Church’s tax-exempt status restored
Jeremy M. Lazarus | 7/1/2021, 6 p.m.
The Community Church of God in Christ is once again being recognized by the city as an active, functioning church, according to 2nd District City Councilwoman Katherine Jordan.
In an email Monday to the Free Press, Ms. Jordan stated that the city Assessor of Real Estate’s Office had confirmed that the church’s tax-exempt status has been restored on the sanctuary it has occupied for 45 years at 1801 Park Ave.
As a result, the church no longer faces a property tax bill of $46,128 that the city Department of Finance issued after the Assessor’s Office revoked that status on June 6 on a claim the building had been vacant for three years.

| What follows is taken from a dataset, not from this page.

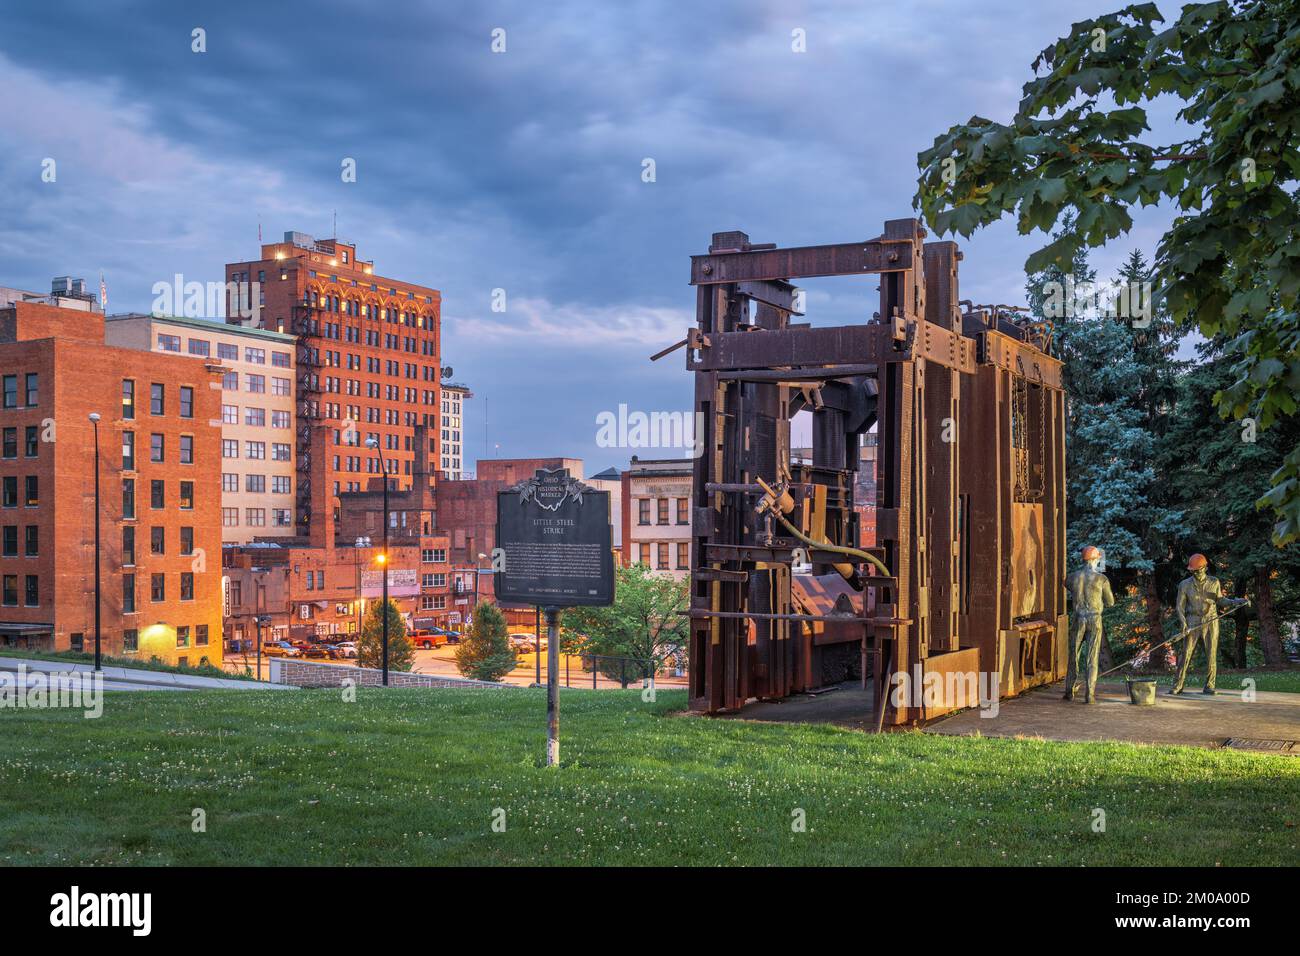 YOUNGSTOWN, OHIO - AUGUST 7, 2019:  Downtown Youngstown with the Little Steel Strike of 1937 monument and memorial at twilight. Stock Photo

The church has been in operation for 112 years,
Dr. David N. Wright Sr., the historic Black church’s pastor for 37 years, told the Free Press he had heard from Ms. Jordan’s office and felt some relief.
However, he said he still has not received any confirmation, notice or information from the city assessor, Richie N. McKeithen, or Deputy Assessor Melvin Bloomfield.
Steve Skinner, a spokesman for Richmond City Council, which appoints the assessor, sent a separate email Monday to the Free Press also stating that the church is once again tax-exempt.
“Our understanding is that the entity that owned the real estate/building had not responded to or returned the real estate review forms that were sent to them last year by the Richmond Office of the Assessor of Real Estate regarding nonprofit/church use exemption verification, which had been in question for the past three years,” Mr. Skinner wrote.
Mr. Skinner stated the issue was resolved after the church “contacted, spoke with, followed up and submitted the information to the Assessor’s Office.”
Mr. McKeithen and Mr. Bloomfield were not available for comment.
Dr. Wright remains puzzled that anyone would suggest that Community Church had ceased operations or that the church needed to justify itself to city officials, given that the state and federal constitutions support freedom of worship and essentially bar taxation of sanctuaries and other places of worship.
“Our church was born in 1909 and has been a center of faith ever since,” Dr. Wright said. “That includes the past three years.
“We were open during the pandemic and held nightly revivals for 157 days,” Dr. Wright continued. “What evidence would the assessor have relied on to even question the church’s existence? I have not been told. It appears the assessor did it on a whim.
“This tax situation created enormous and unnecessary stress for me and the congregation that we did not deserve, all because someone in a city office decided to take an action without doing any investigation. It is shameful. If it is truly over for us, I can only hope that no other faith community has to go through this kind of experience.”